去古堡門口的途中,白茜從昏迷中悠悠轉醒。
她含淚看着拎着自己的白開,眼裏落下了悔恨的淚水。
她不該貪戀原本不屬于自己的東西,她該好好聽這個男人的話,至少能得個善終,不會凄慘落幕。
她想要告訴白開真相,可當她試圖開口時,才發現自己發不出聲音了。
一定是江酒,一定是那賤人在她身上動了手腳。
“唔唔唔……”
一道道破碎的聲音從喉嚨裏發出來,卻怎麽也吐不出一句完整的話。
白開垂頭看着她,目光落在她淚流滿面的臉蛋上,忍不住獰笑道:“怎麽,馬上就要見到殷允了,喜極而泣了麽?

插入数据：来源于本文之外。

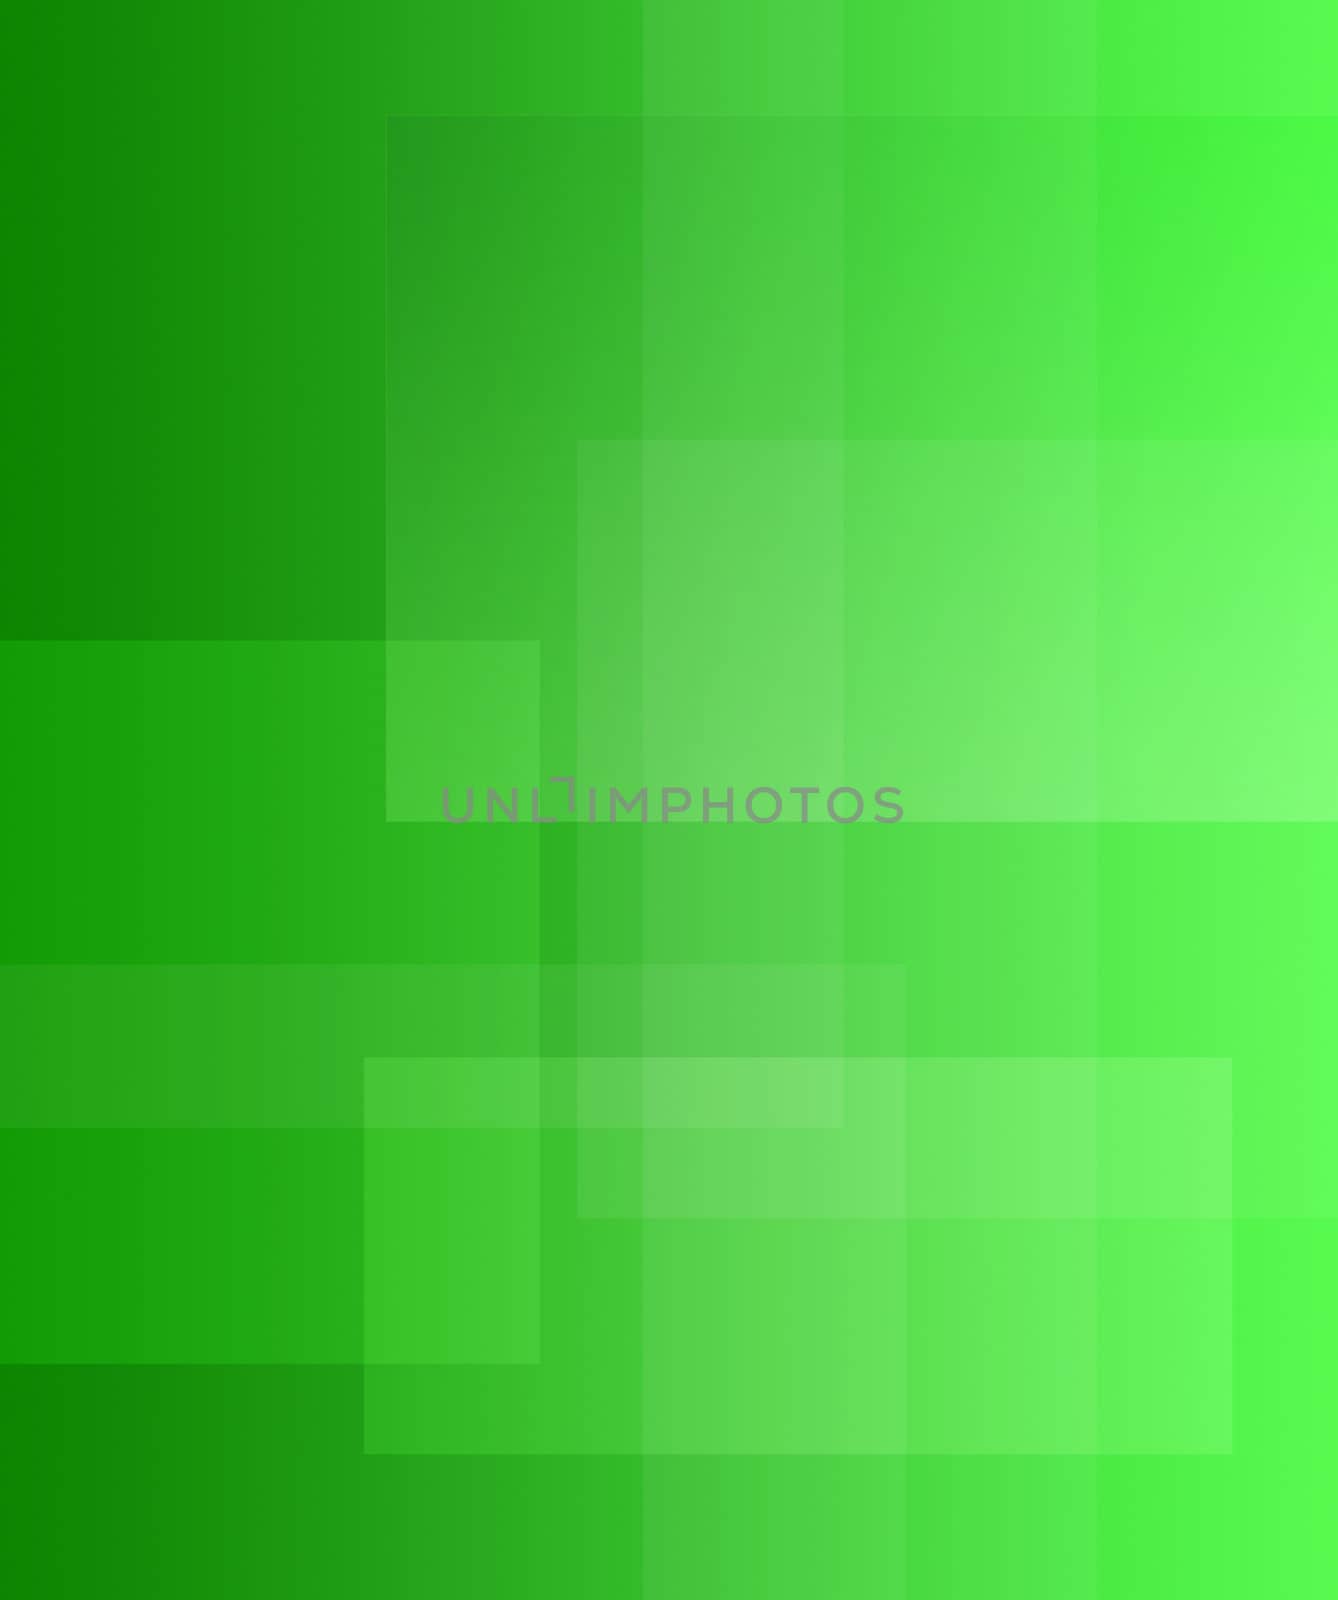 Computer designed abstract style background

即使你回到那狗東西身邊又如何?你現在已經是我的女人,身上每一個地方都烙下了我的印記,
隻要你跟他親熱,腦海裏就會想到咱們在一起的畫面。
那一幕幕,将會日日夜夜的折磨着你,讓你不得安甯。
白茜拼命的眨眼,晶瑩的淚水順着眼眶滾滾而落。
她多麽希望這男人能夠明白她的意思,可不管怎麽她怎麽示意,他都看不出她的心思。
好絕望,好後悔。
如今白開是她唯一的仰仗了,如果要是今天死在這裏,那麽她也不會得什麽善終的。
情急之下,她伸手抱住了他的胳膊,猛地在他手臂上咬了一口。
也不知道她用了多大的力氣,白開的手臂立馬皮開肉綻,猩紅的鮮血從傷口滲出來,觸目驚心。
白開因爲自己調派出去的手下全軍覆沒,心裏極度不爽着。
如今被一個女人狠狠咬一口,他再也壓制不住心裏的狂暴與戾氣。
反手就是一巴掌,直接将她甩在了地上。
“賤人,老老實實待着,給老子創造最大的利益,否則我弄死你。”
說完,他再次伸手将她從地上拎了起來,大步朝前院走去。
白茜眼裏透着死灰般的絕望,一旦這家夥跟江酒他們碰面,那就再無退路了。
“唔唔唔……”
白開見她不說話,隻一個勁的唔唔唔,不禁嗤笑道:“怎麽,你就厭惡我至此麽,連話都不願跟我說了?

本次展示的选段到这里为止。